▶ _Work item_:
Copy the records below exactly. Include all of them.

BEGIN

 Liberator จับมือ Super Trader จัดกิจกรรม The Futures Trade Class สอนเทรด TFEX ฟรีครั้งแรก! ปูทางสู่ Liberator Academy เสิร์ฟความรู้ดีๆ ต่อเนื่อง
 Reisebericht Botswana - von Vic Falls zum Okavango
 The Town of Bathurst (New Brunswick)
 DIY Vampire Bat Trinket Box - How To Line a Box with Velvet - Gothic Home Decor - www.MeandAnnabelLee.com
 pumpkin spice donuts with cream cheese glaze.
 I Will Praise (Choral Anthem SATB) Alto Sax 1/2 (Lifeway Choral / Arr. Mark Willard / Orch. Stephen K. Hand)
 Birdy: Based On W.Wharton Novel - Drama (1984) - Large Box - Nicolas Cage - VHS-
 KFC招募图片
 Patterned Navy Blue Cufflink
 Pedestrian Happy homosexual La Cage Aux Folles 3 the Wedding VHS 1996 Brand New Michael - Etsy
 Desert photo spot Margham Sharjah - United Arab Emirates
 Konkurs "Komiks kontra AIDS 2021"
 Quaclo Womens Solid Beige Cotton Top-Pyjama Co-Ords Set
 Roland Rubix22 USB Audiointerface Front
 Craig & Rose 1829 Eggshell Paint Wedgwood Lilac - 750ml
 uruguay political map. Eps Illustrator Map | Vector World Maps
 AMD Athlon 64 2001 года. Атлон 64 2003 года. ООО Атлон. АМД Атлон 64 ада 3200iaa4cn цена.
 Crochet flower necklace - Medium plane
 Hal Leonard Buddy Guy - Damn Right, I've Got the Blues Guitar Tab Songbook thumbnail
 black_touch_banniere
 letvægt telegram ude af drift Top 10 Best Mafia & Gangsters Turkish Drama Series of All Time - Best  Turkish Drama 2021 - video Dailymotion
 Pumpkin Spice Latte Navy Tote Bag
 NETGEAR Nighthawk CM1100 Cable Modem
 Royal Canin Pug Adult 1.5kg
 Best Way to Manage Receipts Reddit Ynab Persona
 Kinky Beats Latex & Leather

END

▶ _Solution to this problem_:
 Liberator จับมือ Super Trader จัดกิจกรรม The Futures Trade Class สอนเทรด TFEX ฟรีครั้งแรก! ปูทางสู่ Liberator Academy เสิร์ฟความรู้ดีๆ ต่อเนื่อง
 Reisebericht Botswana - von Vic Falls zum Okavango
 The Town of Bathurst (New Brunswick)
 DIY Vampire Bat Trinket Box - How To Line a Box with Velvet - Gothic Home Decor - www.MeandAnnabelLee.com
 pumpkin spice donuts with cream cheese glaze.
 I Will Praise (Choral Anthem SATB) Alto Sax 1/2 (Lifeway Choral / Arr. Mark Willard / Orch. Stephen K. Hand)
 Birdy: Based On W.Wharton Novel - Drama (1984) - Large Box - Nicolas Cage - VHS-
 KFC招募图片
 Patterned Navy Blue Cufflink
 Pedestrian Happy homosexual La Cage Aux Folles 3 the Wedding VHS 1996 Brand New Michael - Etsy
 Desert photo spot Margham Sharjah - United Arab Emirates
 Konkurs "Komiks kontra AIDS 2021"
 Quaclo Womens Solid Beige Cotton Top-Pyjama Co-Ords Set
 Roland Rubix22 USB Audiointerface Front
 Craig & Rose 1829 Eggshell Paint Wedgwood Lilac - 750ml
 uruguay political map. Eps Illustrator Map | Vector World Maps
 AMD Athlon 64 2001 года. Атлон 64 2003 года. ООО Атлон. АМД Атлон 64 ада 3200iaa4cn цена.
 Crochet flower necklace - Medium plane
 Hal Leonard Buddy Guy - Damn Right, I've Got the Blues Guitar Tab Songbook thumbnail
 black_touch_banniere
 letvægt telegram ude af drift Top 10 Best Mafia & Gangsters Turkish Drama Series of All Time - Best  Turkish Drama 2021 - video Dailymotion
 Pumpkin Spice Latte Navy Tote Bag
 NETGEAR Nighthawk CM1100 Cable Modem
 Royal Canin Pug Adult 1.5kg
 Best Way to Manage Receipts Reddit Ynab Persona
 Kinky Beats Latex & Leather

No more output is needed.